Predictable costs: While static toolsets show dramatic cost increases with multiple operations (up to 8x higher for complex tasks), dynamic toolsets maintain consistent pricing regardless of toolset size.

Better scaling: As your API grows, dynamic toolsets scale naturally. Adding 100 new endpoints doesn’t increase initial token usage at all.

Technical implementation

Both approaches work by exposing meta-tools that handle discovery rather than exposing individual API operations directly. The key insight is that tool schemas represent the bulk of token usage, so we defer loading them until the LLM explicitly requests them.

Progressive search provides complete visibility into available tools through hierarchical navigation. The LLM can explore the tool structure systematically, making it ideal when you need comprehensive coverage or when tool names follow clear patterns.

Semantic search trades complete visibility for speed and natural language discovery. It works best when tool descriptions are high-quality and when the LLM’s intent can be captured in a natural language query.

Getting started

To enable dynamic toolsets, head to the MCP tab in your Gram dashboard and switch your toolset to either progressive search or semantic search mode.

Note that this setting only applies to MCP and won’t affect how your toolset is used in the playground, where static tool exposure remains useful for testing and development.

Important caveats

This performance data represents preliminary results from a handful of test runs with unoptimized dynamic implementations. While the trends are clear and consistent, more extensive testing is needed to establish median performance characteristics across different scenarios.
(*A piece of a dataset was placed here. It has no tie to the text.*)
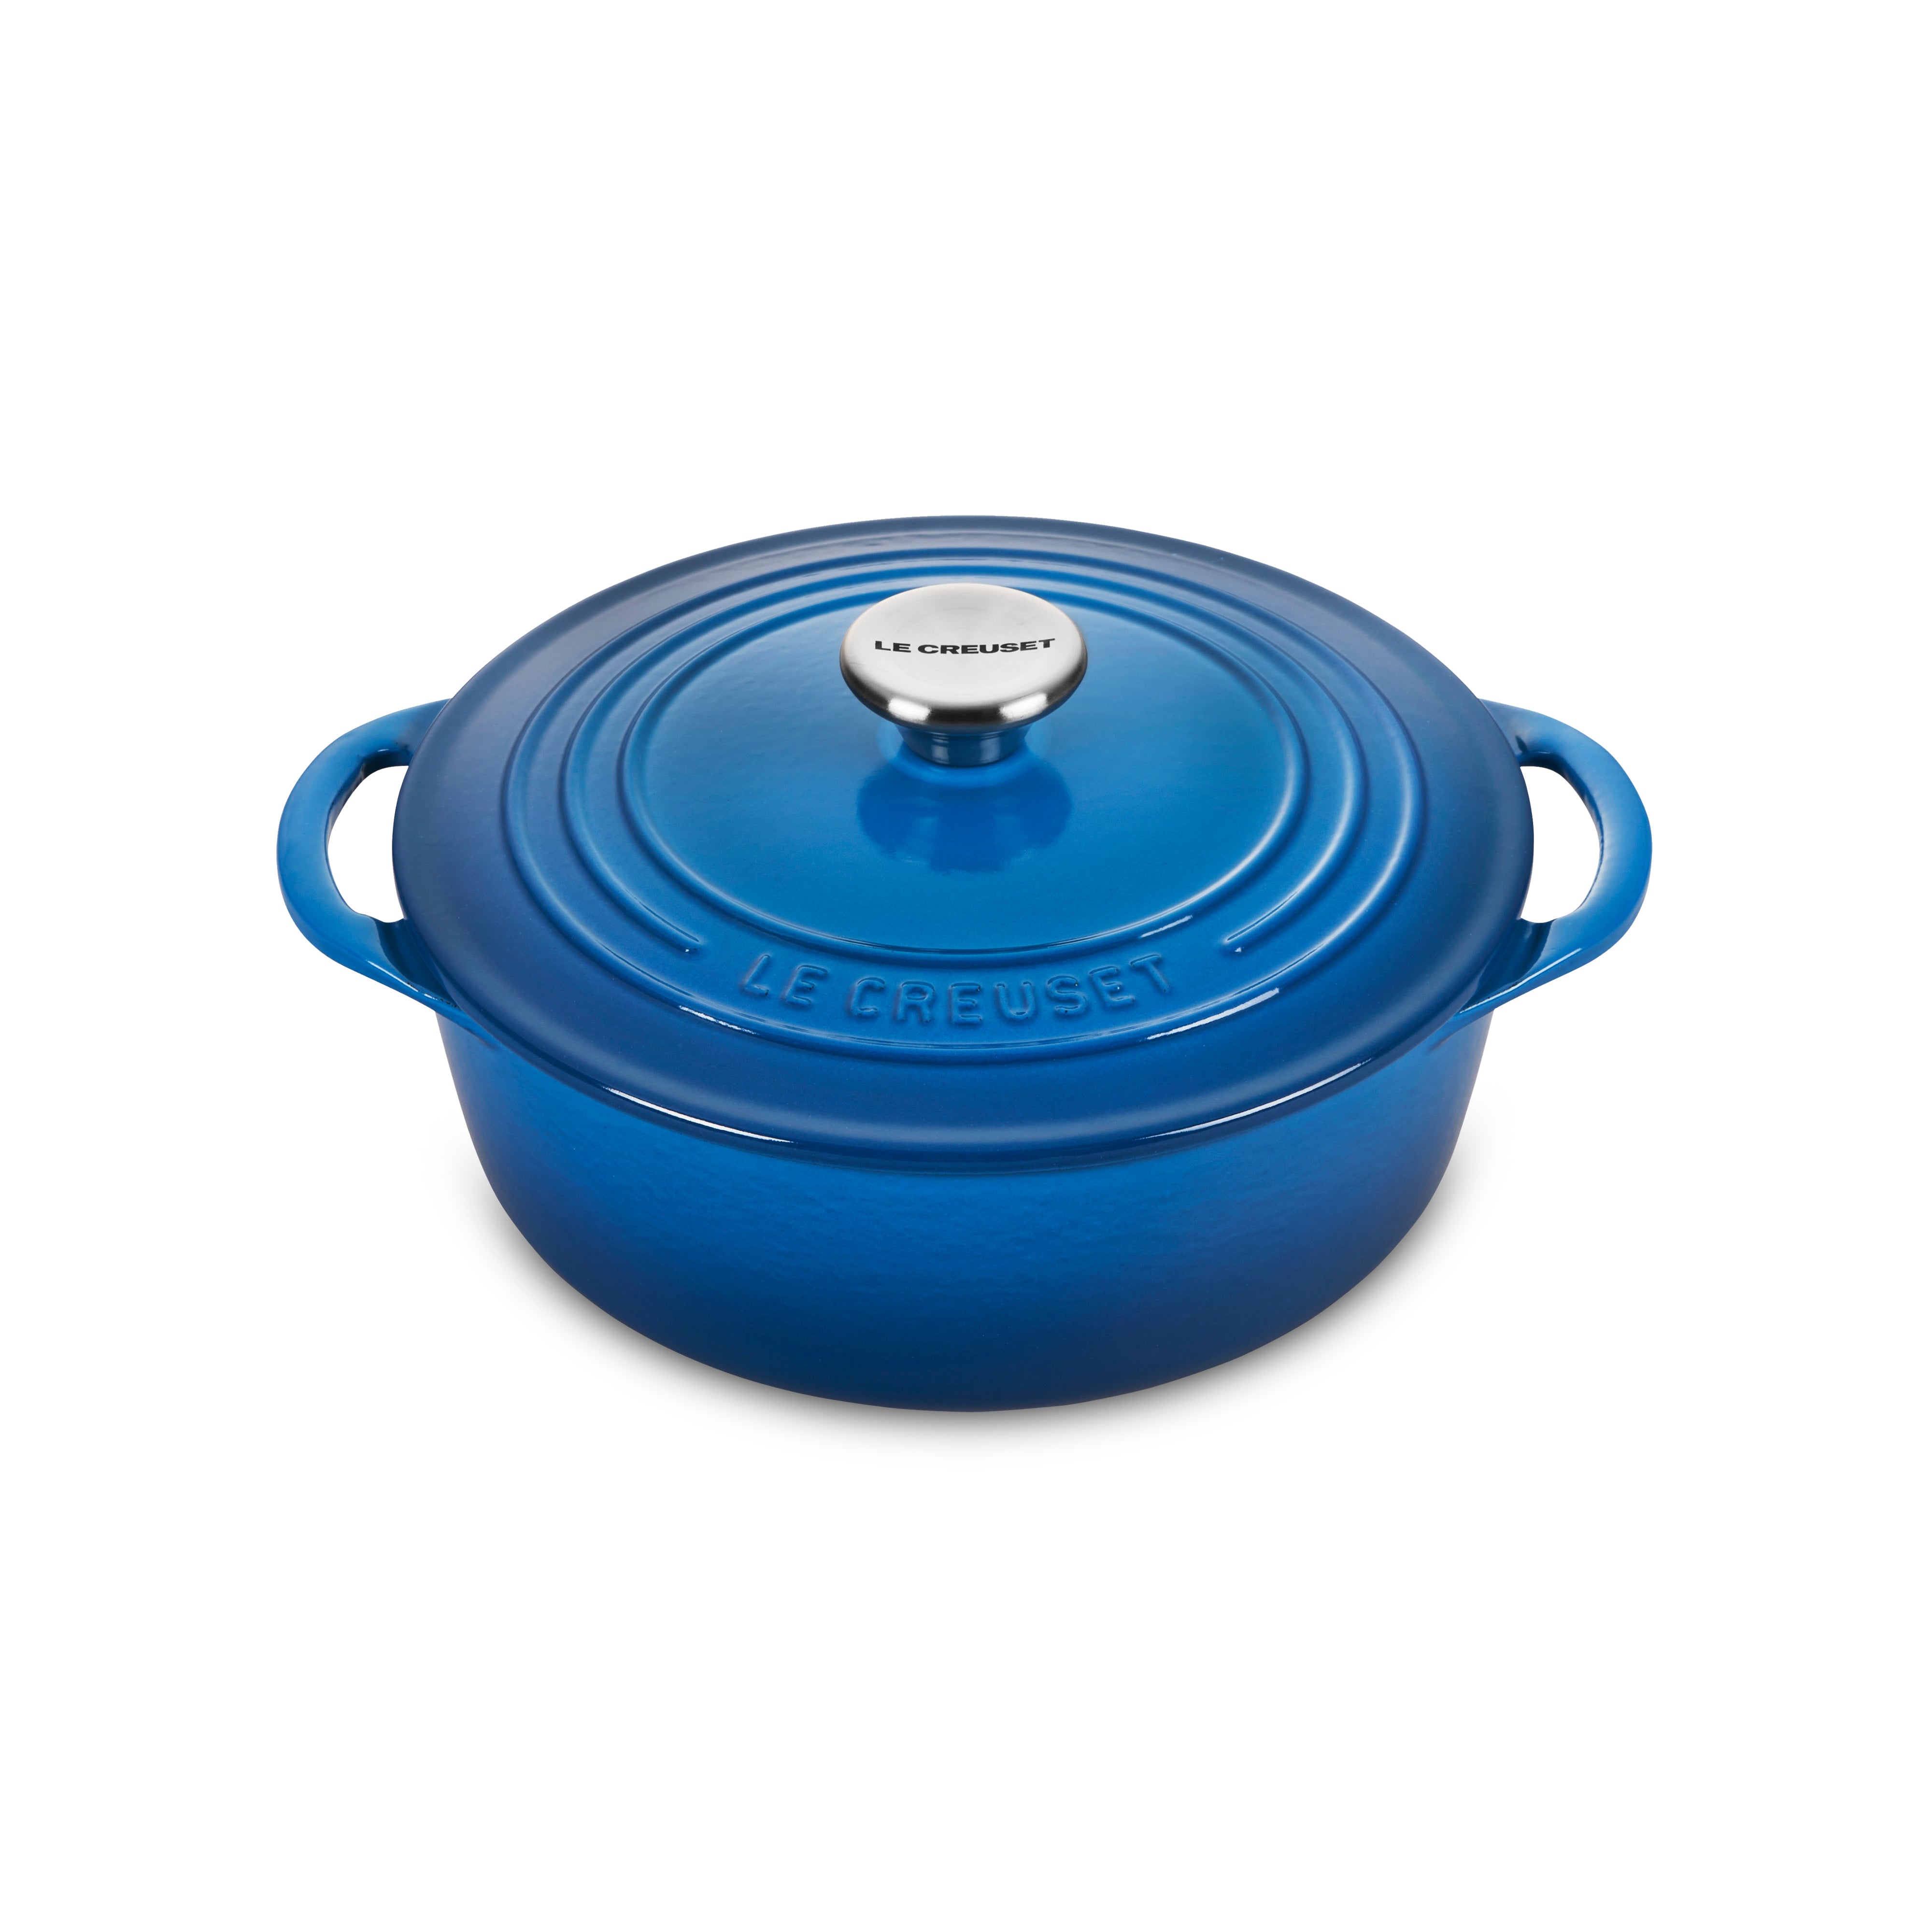 How to Clean Le Creuset Dutch Ovens and Other Enameled Cast Iron

The relatively simple tasks used in this benchmarking achieved very high success rates (nearly 100%), but tool call accuracy for more complex workflows requires further validation. Static toolsets with 200 and 400 tools could not be tested due to Claude Code’s 200k context window limit.

What’s next

Dynamic toolsets are currently experimental as we continue to validate tool selection accuracy across different use cases. We’re particularly interested in understanding how they perform with:

  • Very large toolsets (1,000+ tools)
  • Complex multi-step workflows
  • Domain-specific APIs with specialized terminology
  • Long-running agent sessions

We’re also exploring hybrid approaches that combine the strengths of both progressive and semantic search, as well as intelligent caching strategies to further optimize token usage for repeated queries.

If you’re building MCP servers for large APIs, dynamic toolsets make it possible to expose comprehensive functionality without overwhelming the LLM’s context window. Try them out and let us know how they work for your use case.